[Source records]
++++++++++
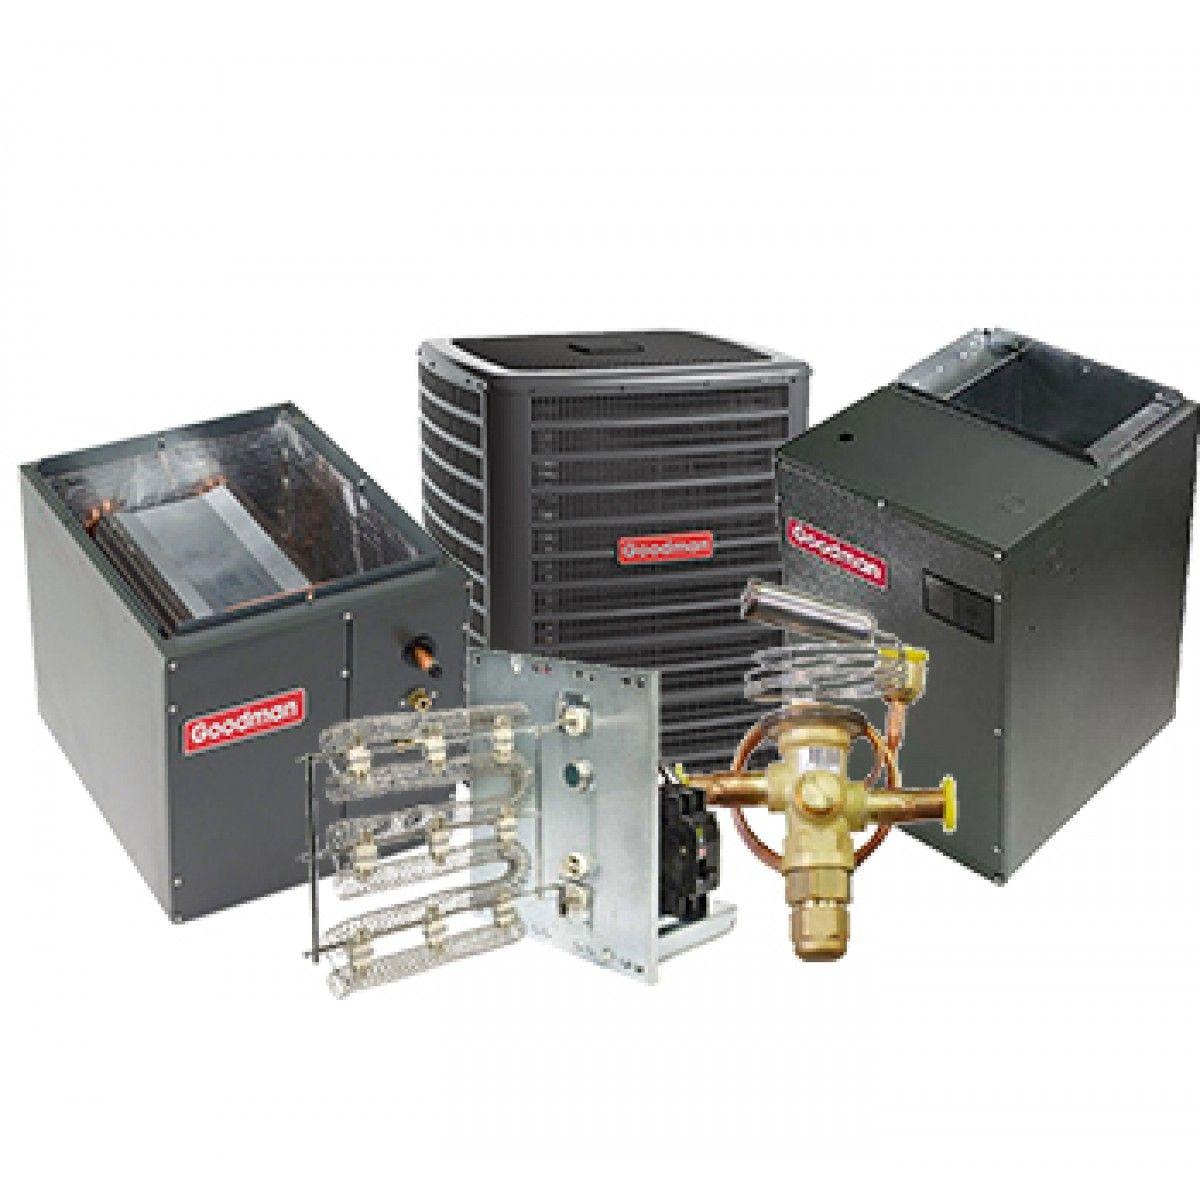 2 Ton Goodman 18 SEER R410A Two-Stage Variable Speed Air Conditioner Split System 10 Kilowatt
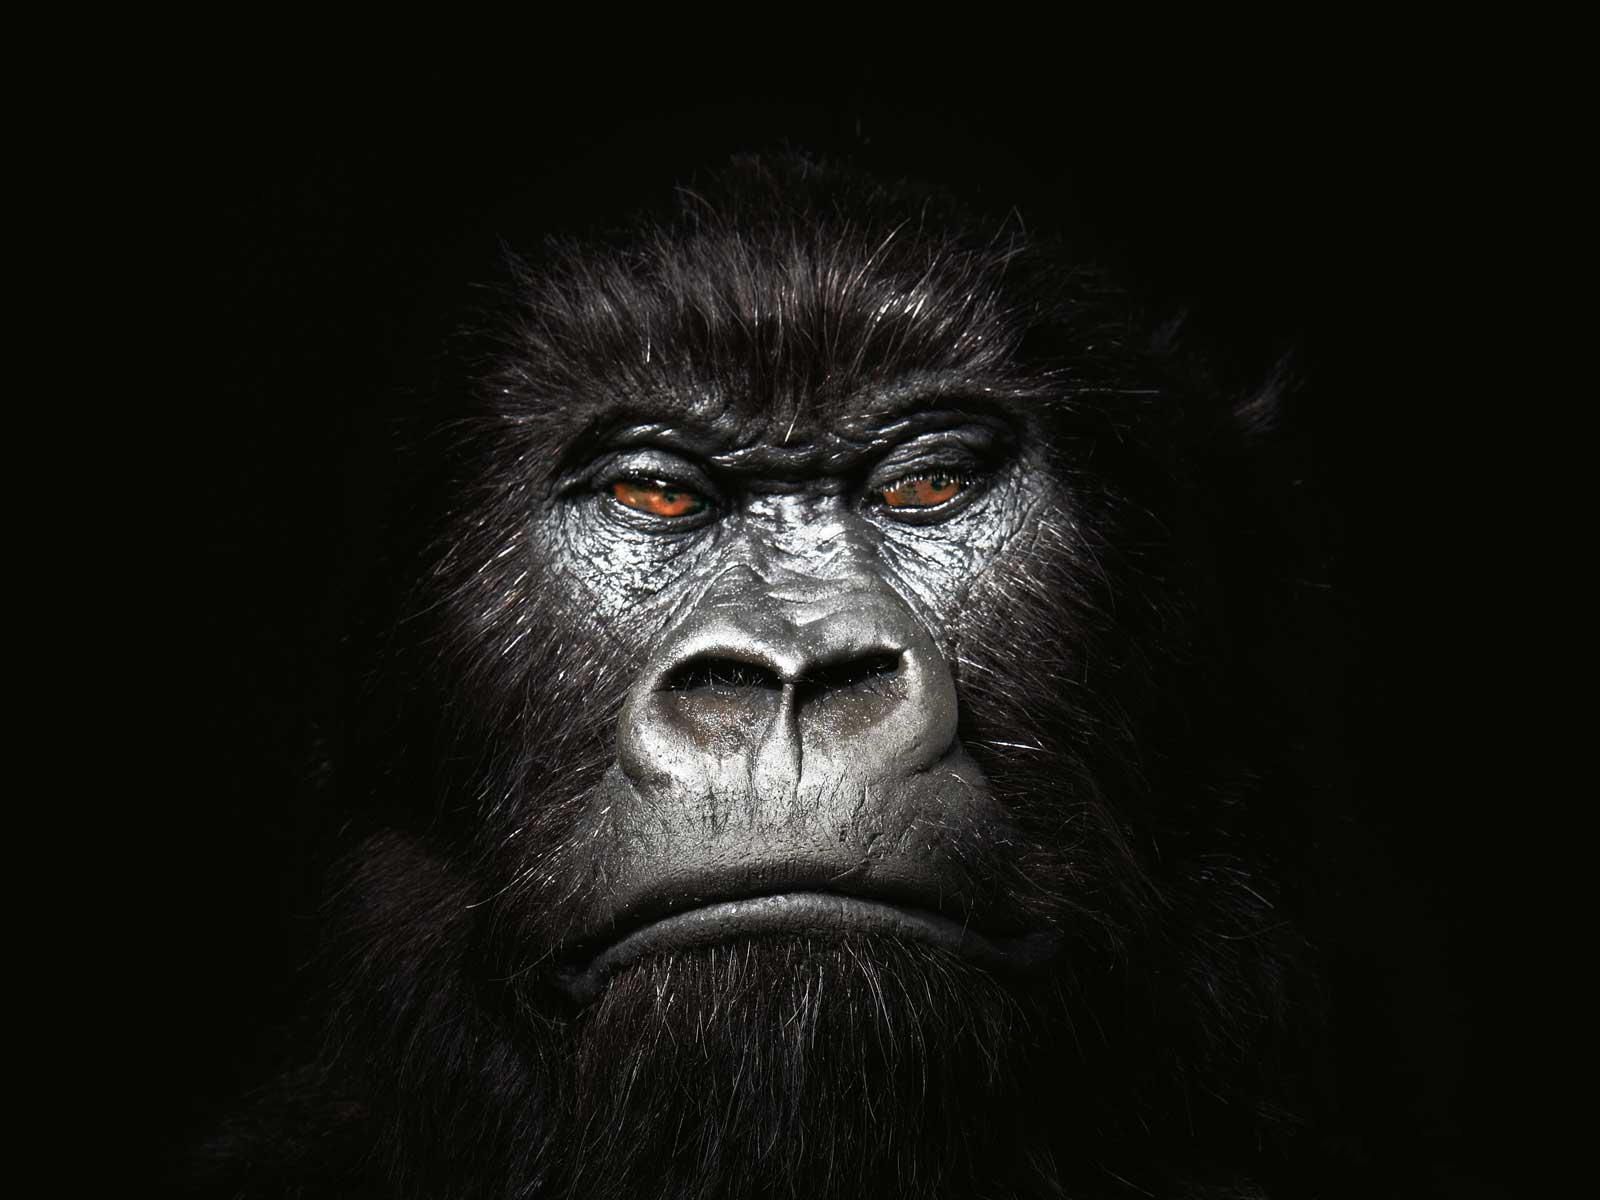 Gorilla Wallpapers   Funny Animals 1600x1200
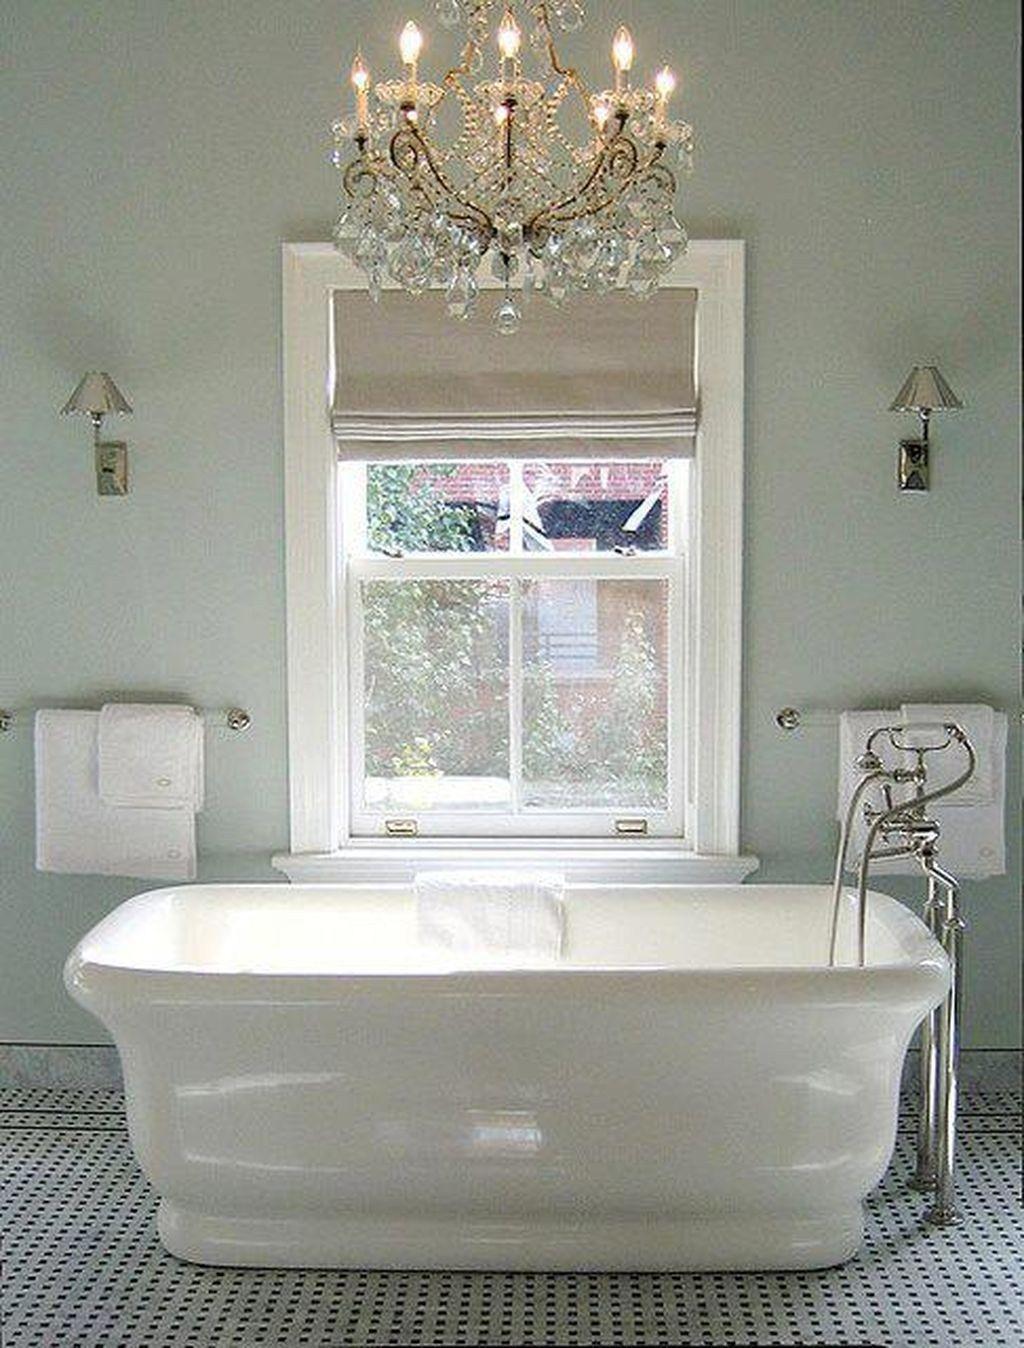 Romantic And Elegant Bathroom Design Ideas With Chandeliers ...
++++++++++
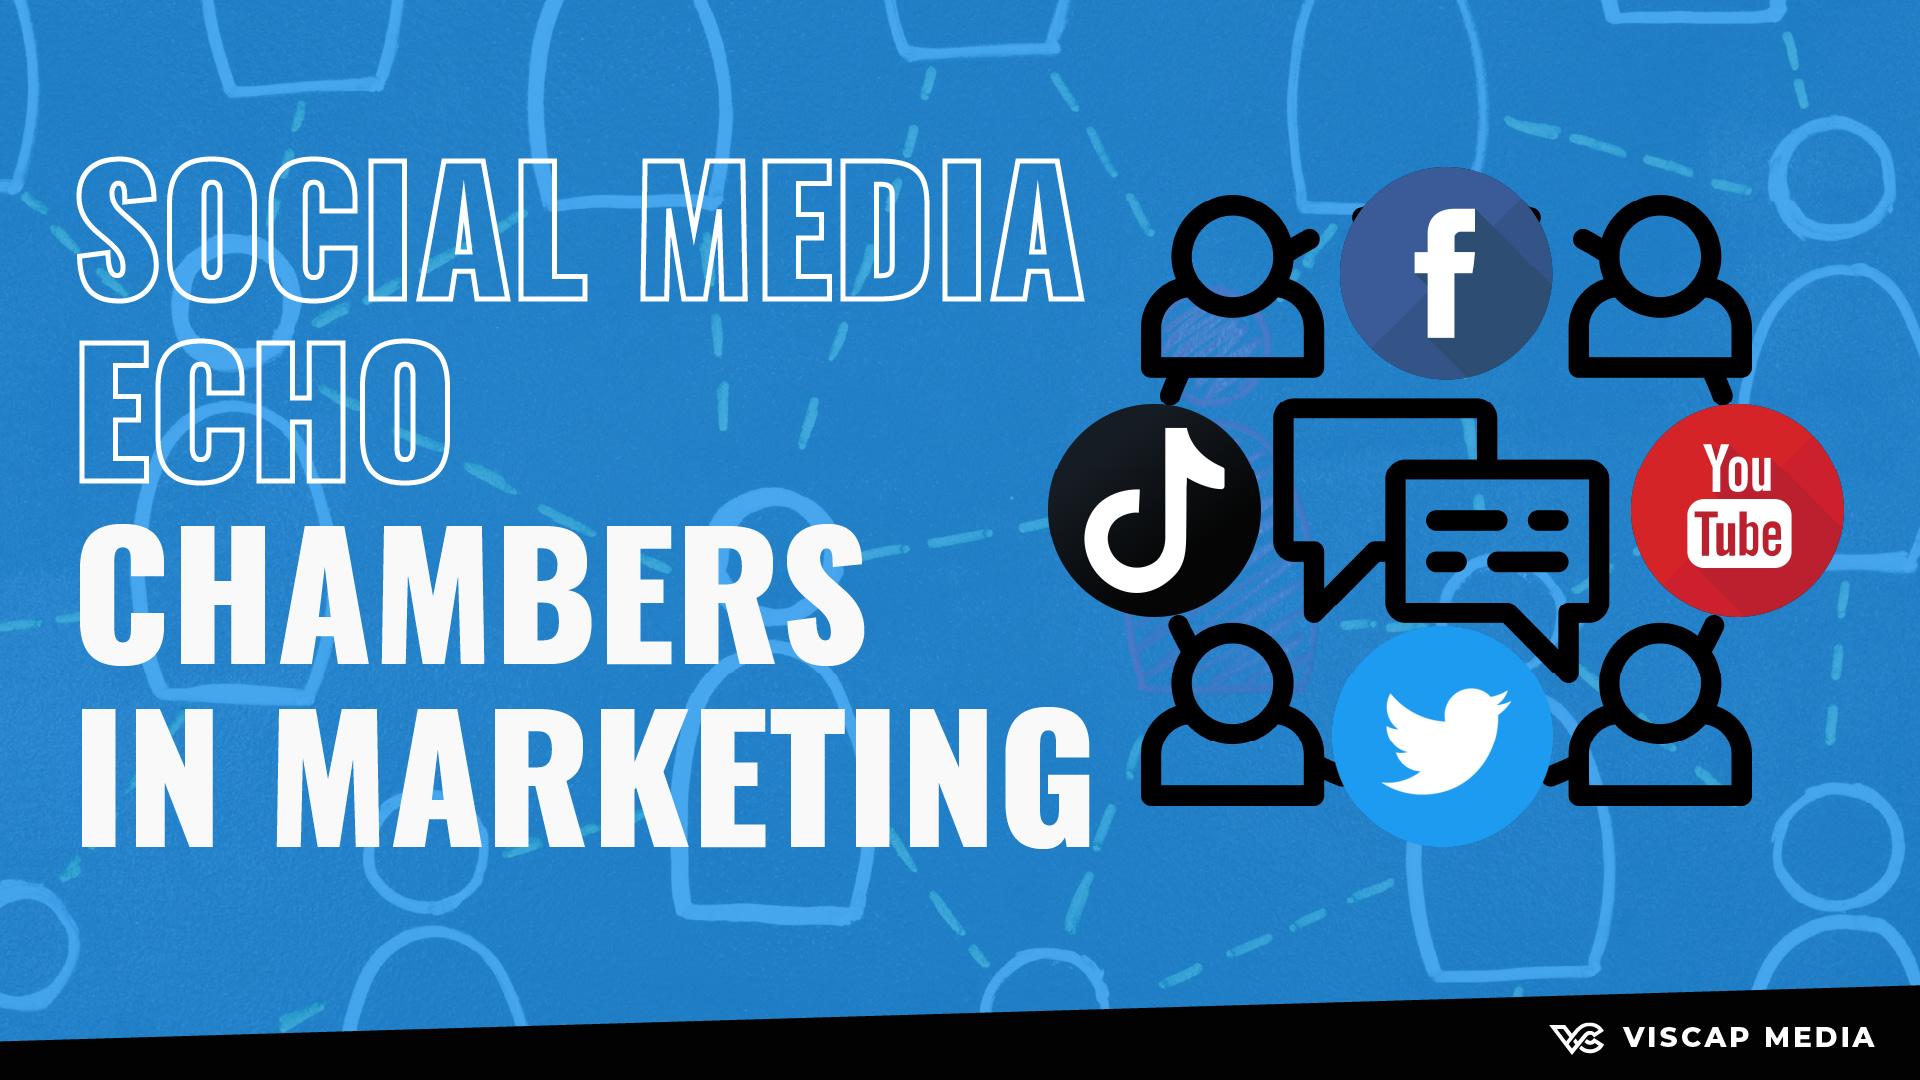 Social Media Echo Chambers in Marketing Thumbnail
++++++++++
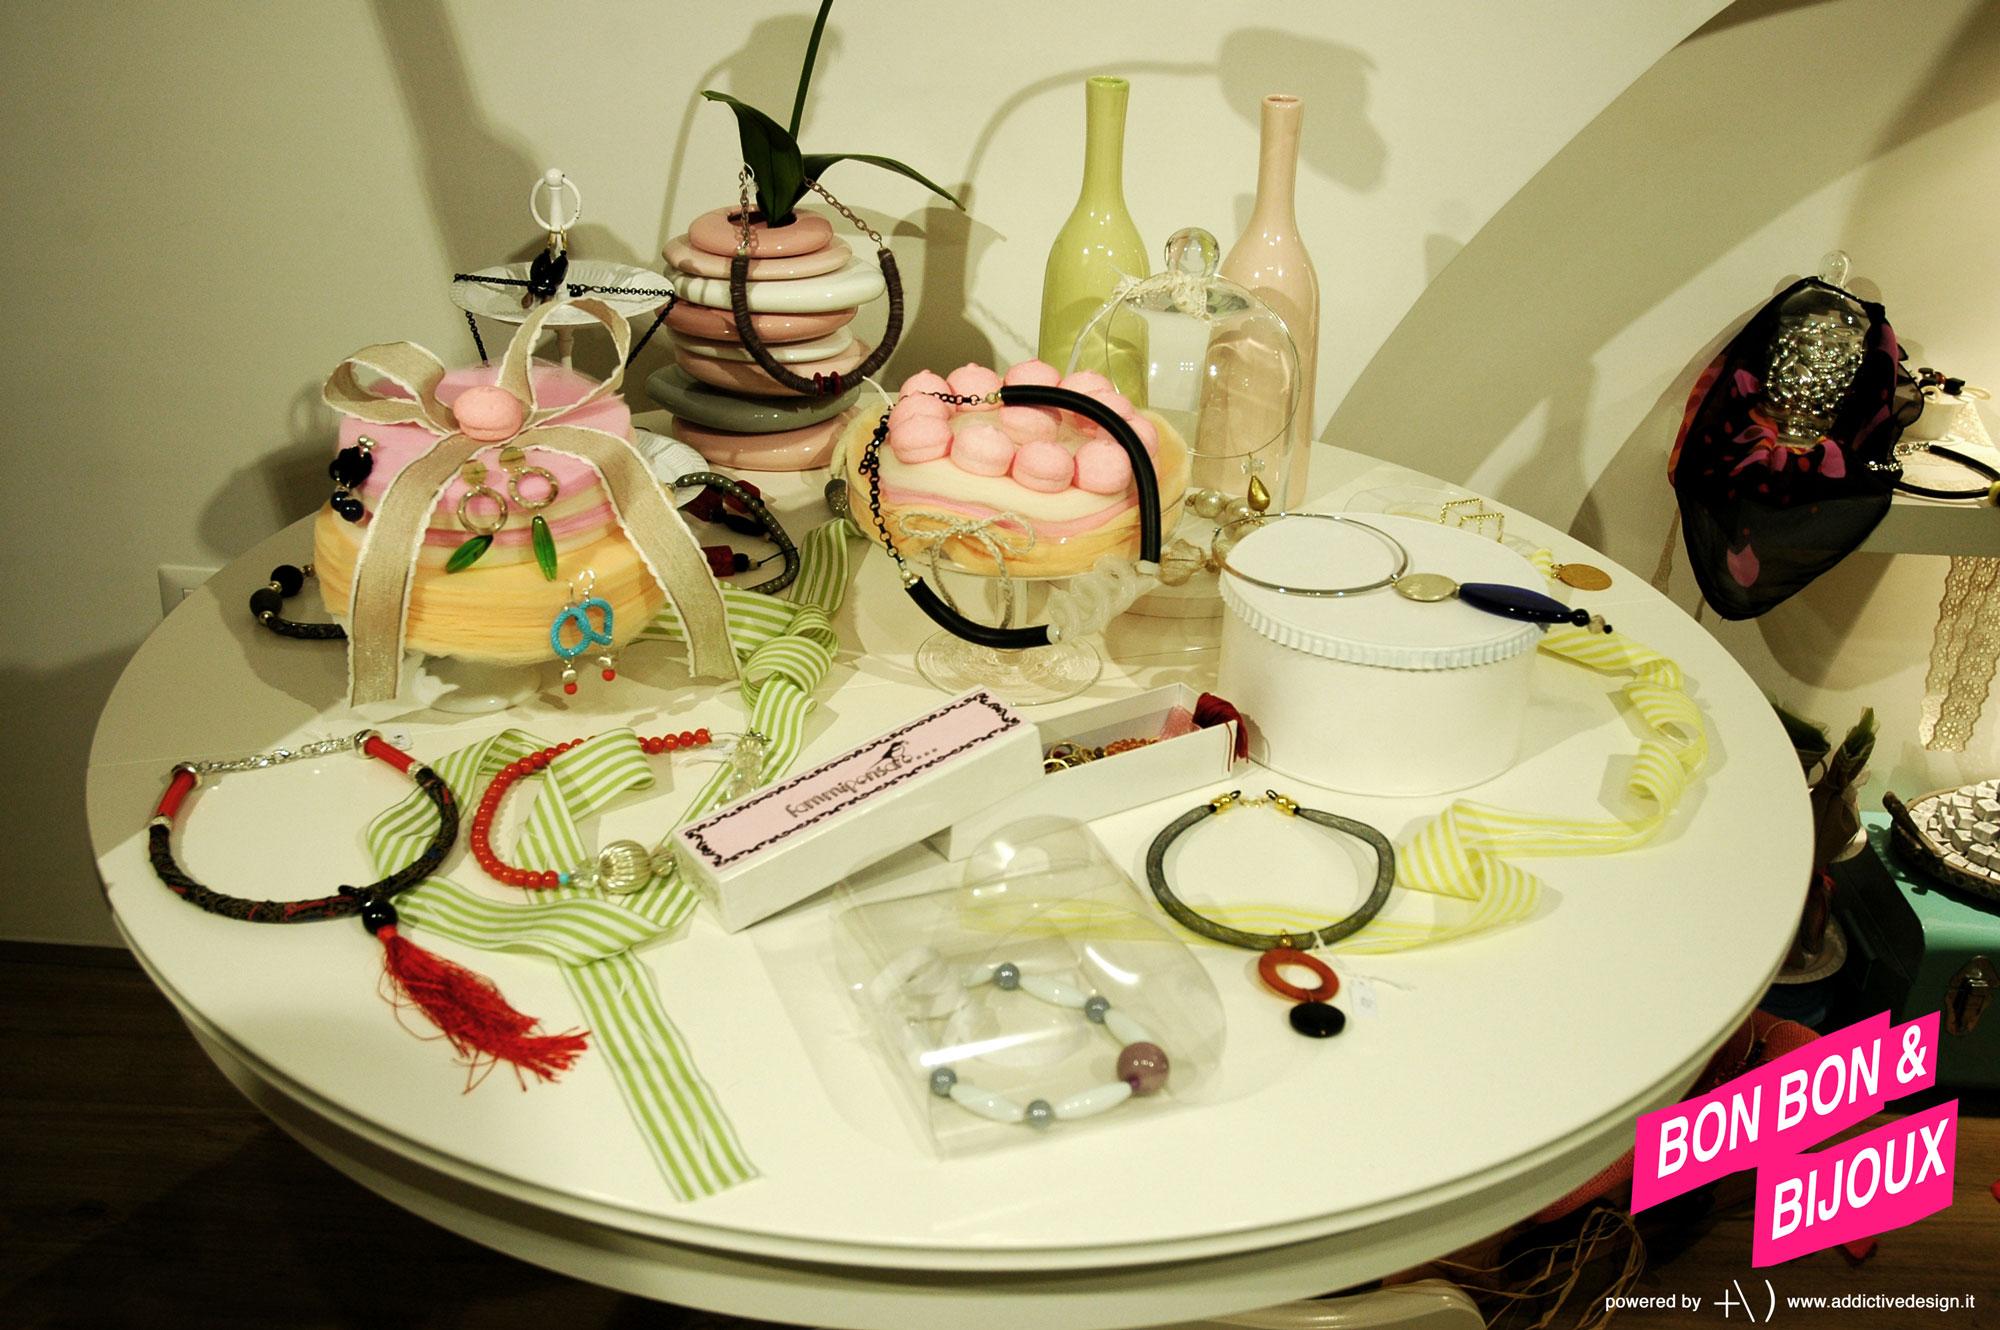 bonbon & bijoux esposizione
++++++++++
[Task details] Output exactly those lines of the data above that run from the line with "2 Ton Goodman" up to and including the line with "Romantic And Elegant". No pictures go in.

[Solution]
 2 Ton Goodman 18 SEER R410A Two-Stage Variable Speed Air Conditioner Split System 10 Kilowatt
 Gorilla Wallpapers   Funny Animals 1600x1200
 Romantic And Elegant Bathroom Design Ideas With Chandeliers ...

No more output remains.